In 2014 Osbourn was elected to join the board of the BioIndustry Association, becoming Chair in 2016; and in this role she has been working to support the development of the biotechnology sector in the UK. She also does this through her roles as a Director of Babraham Bioscience Technologies and as a Director of Cambridge Enterprise, the technology transfer organisation for University of Cambridge.

Osbourn has presented at a number of parliamentary Select Committees. At the Business, Innovation and Skills Committee, on Tuesday 13 May 2014, she gave evidence on behalf of AstraZeneca as it faced a potential takeover from Pfizer.

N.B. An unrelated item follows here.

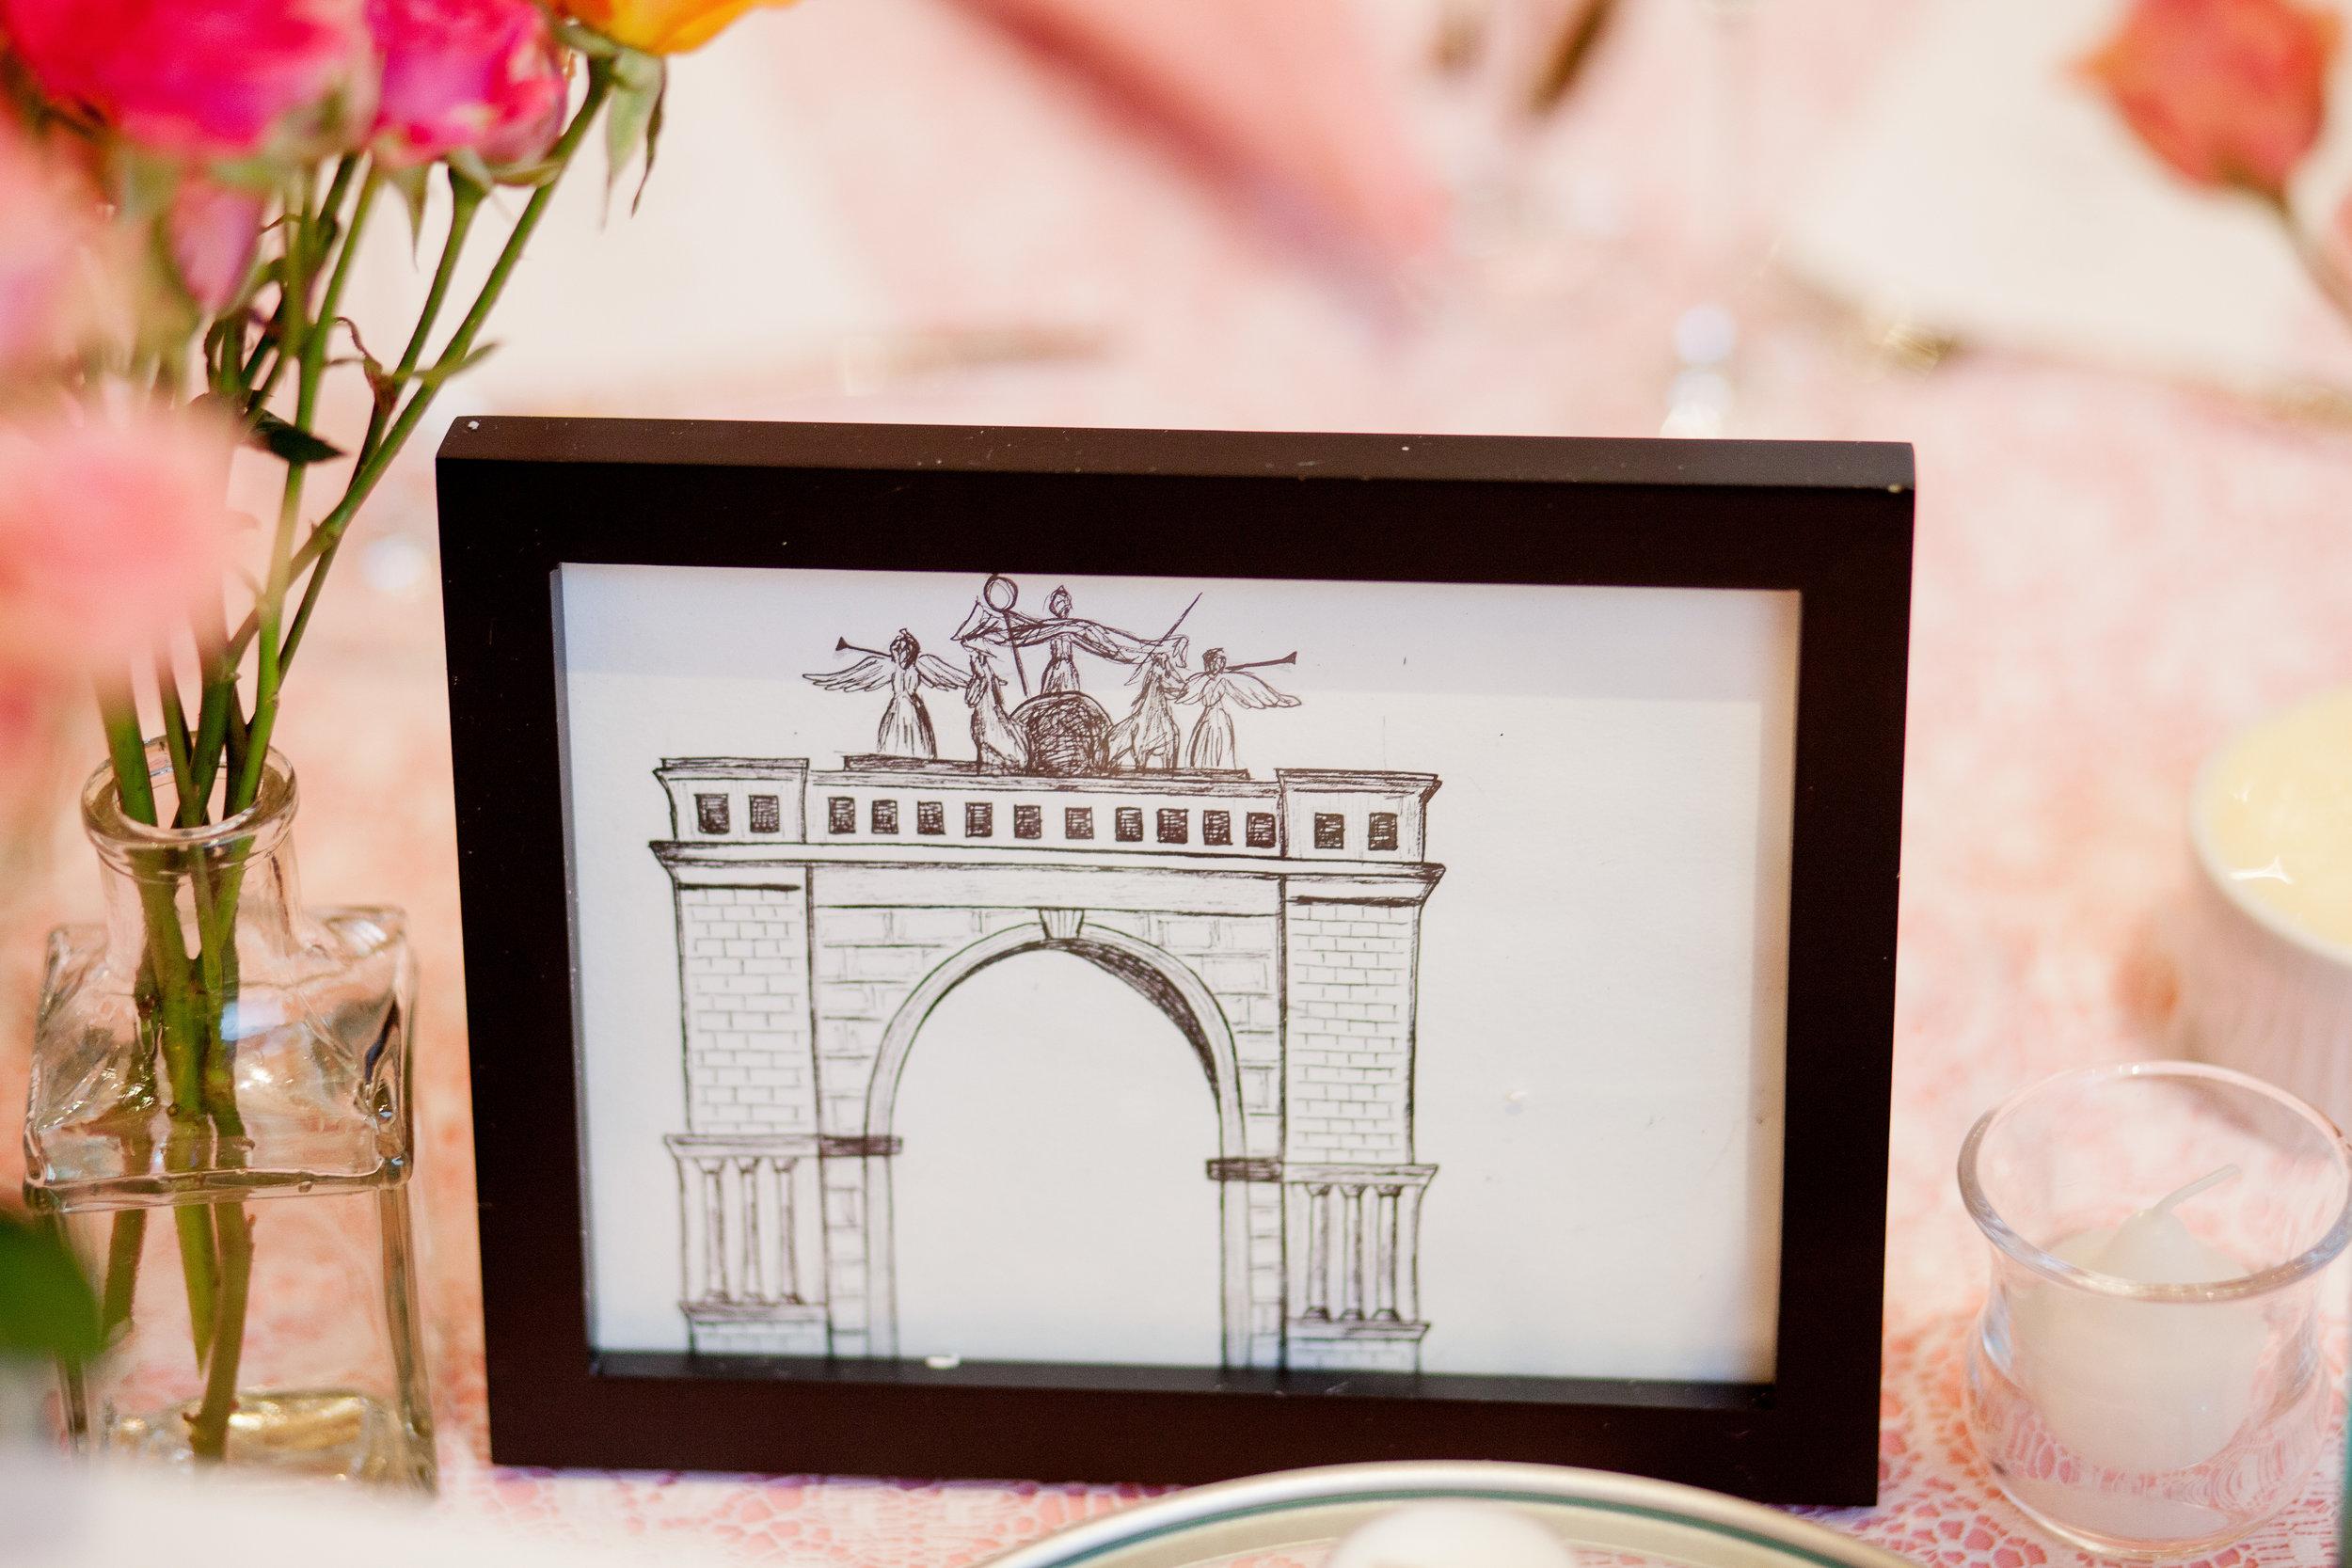 Pineapple Street Designs Stationery Illustrations for Weddings (22).jpg

On 1 July that year, Osbourn gave evidence to the Science and Technology Select Committee: Priorities for Scientific Research.

Osbourn has also previously served as a Member of the UK Medical Research Council Industry Grant Award Assessment Panel.

In 2018 the Nobel Prize for Chemistry was awarded jointly to Sir Greg Winter, George Smith and Frances Arnold. Winter received his award for the phage display of peptides and antibodies. Sir Greg and David Chiswell had founded Cambridge Antibody Technology to exploit this science. Osbourn says of this time, "There was a cohort of really able intellect in Cambridge – in CAT and other companies, in the MRC LMB and in the University – and what happened was a condensation of that focus… Once we decided to make phage display work, we set some really tough goals and then just got on with it." To recognise Jane’s contribution to the prize, she, along with David Chiswell and John McCafferty, accompanied Sir Greg to the Nobel ceremony.

On 7 June 2019 she was awarded an OBE for services to Human Monoclonal Antibody Drug Research and Development and Biotechnology. CEO of AstraZeneca, Pascal Soriot, said of the award "On behalf of AstraZeneca, I am delighted to congratulate Dr Jane Osbourn for her award of an OBE in recognition of her services to human monoclonal antibody drug research and development and biotechnology. This well-deserved honour reflects her contribution to biopharmaceutical science over more than 25 years, from Cambridge Antibody Technology to AstraZeneca and MedImmune. Jane’s leadership in UK life sciences includes championing the biotech sector through her position as chair of the BIA and contributing to the growth of the UK’s scientific ecosystem. I would also like to recognise her authentic commitment to building skills through STEM and education outreach, in particular for women in science".

Osbourn was elected a Fellow of the Academy of Medical Sciences in 2021. In 2025, Cambridge Independent Science and Technology awarded Osbourn the Lifetime Achievement Award.